December 21st, 2009

Does "advanced" have to mean "better"?

10WolfsonHigh022108On the New York Times’s “Room for Debate” blog, a daily topic is offered up to a panel of experts for commentary, and yesterday they were talking about the “Advanced Placement Juggernaut.” A.P. classes have been offered to high school students for fifty years now, but in the past five their enrollment has increased by 50 percent. The program is nearly universally accepted as a good thing, and it’s particularly well-liked by college admissions officers. But some researchers and educators call its value into question.

Trevor Packer, who represents the College Board in the Times’s discussion, argues that the only problem with Advanced Placement is how few minority and underserved students have access to AP classes. He says:

…studies have indicated that teachers’ preconceived notions of student potential are often at odds with student capability. We should applaud teachers willing to take on students whom others had pre-judged as lacking in potential, not just those interested in teaching students who are likely to earn a 5 on an A.P. test.

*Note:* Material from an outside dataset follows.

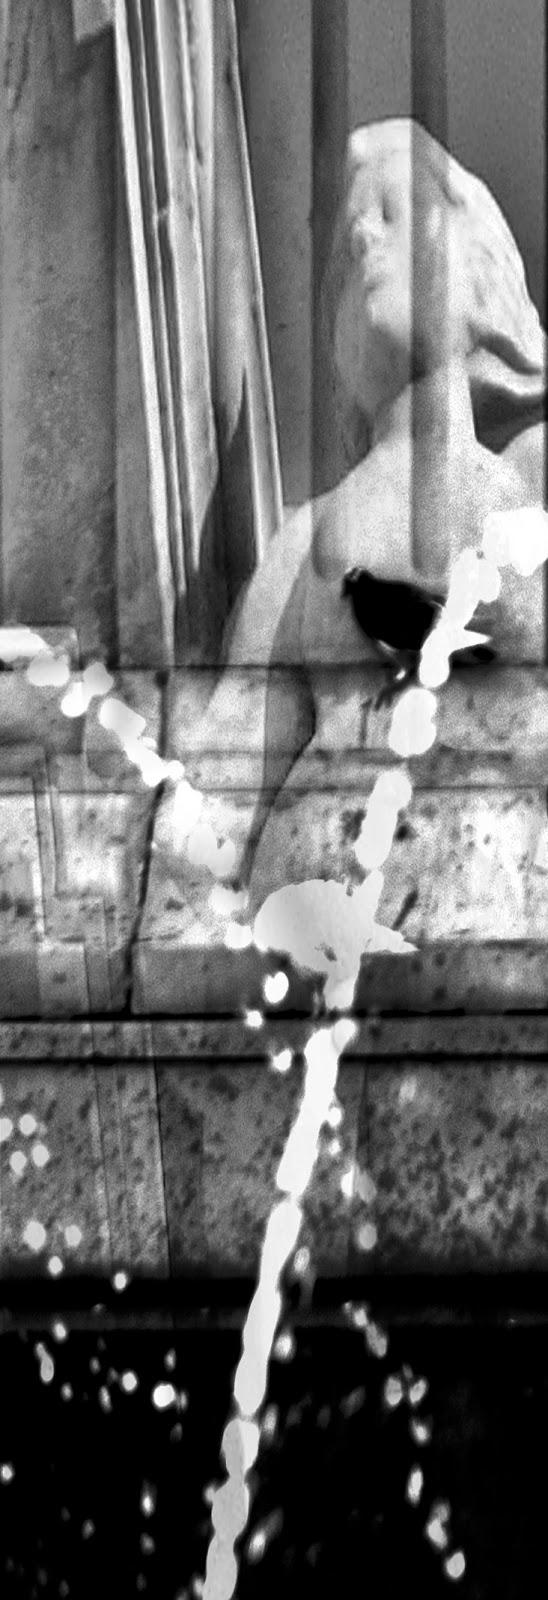 detalle de la maqueta águila roja paloma negra 2

Of course, as teacher Patrick Welsh notes, the College Board has a vested interest–in the way of $86 per A.P. exam administered–in the steady increase of A.P.’s popularity across all demographics. And researcher Kristin Klopfenstein points out that many students hoping to get into selective colleges enroll in A.P. classes without taking the final exam. Because many high schools weight the grades of students enrolled in A.P. classes, students know that A.P.s will not only look good on their transcripts, they’ll also boost their class ranks.

We recently covered the success of BASIS charter schools in Arizona, where they credit much of their success to a heavy focus on A.P. coursework. Are college-level classes the key to successful learning in high school? Let us know what you think.

The Advanced Placement Juggernaut [NYT, 12/20/09]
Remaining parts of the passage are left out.